Paris Memories marks a geographical homecoming for the director. Drawing from her brother’s experiences at the Bataclan in 2015 – and following on from the recent similarly-themed dramas Amanda, One Year and One Night, and November – Winocour’s film explores life after a terrorist attack.
Mia (Virginie Efira) works as a Russian translator and journalist. She is married to Vincent, a doctor (Grégoire Colin). Her shiny motorbike appears to be the most dramatic thing about her until the evening she walks into a bistro, sits down to jot some notes with a fountain pen, and orders a glass of wine. She cannot remember the mass shooting that follows.
Her struggle to return to normalcy leaves her feeling alienated at social gatherings and estranged within her marriage. Her initial visits to a survivors’ group only add to her confusion. Her attachment to Thomas (Benoît Magimel), another survivor, blossoms as her relationship with Vincent seems to wither.
This delicate drama explores PTSD with considerably less heft and action than Winocour brought to her 2015 thriller, Disorder.
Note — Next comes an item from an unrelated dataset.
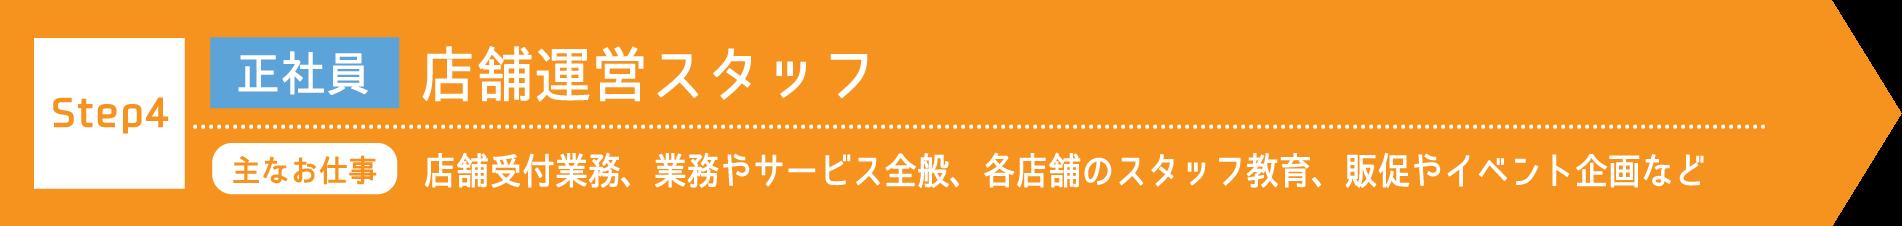 エリアマネージャー|1,150円〜|主なお仕事:店舗エリアシフト管理 リーダー及びマネージャー管理 店舗業務の伝達 エリア店舗の業務チェック

The increasingly essential Efira works in nuanced movements. Magimel, on a career hot streak, grafts charm and charisma to the slightly underdeveloped Thomas. Strong supporting players include Nastya Golubeva Carax.
It takes a while for Winocour’s gentle drama to consolidate into a satisfying detective story as Mia pieces together the events of that fateful evening. The denouement is dramatically convenient but undeniably moving.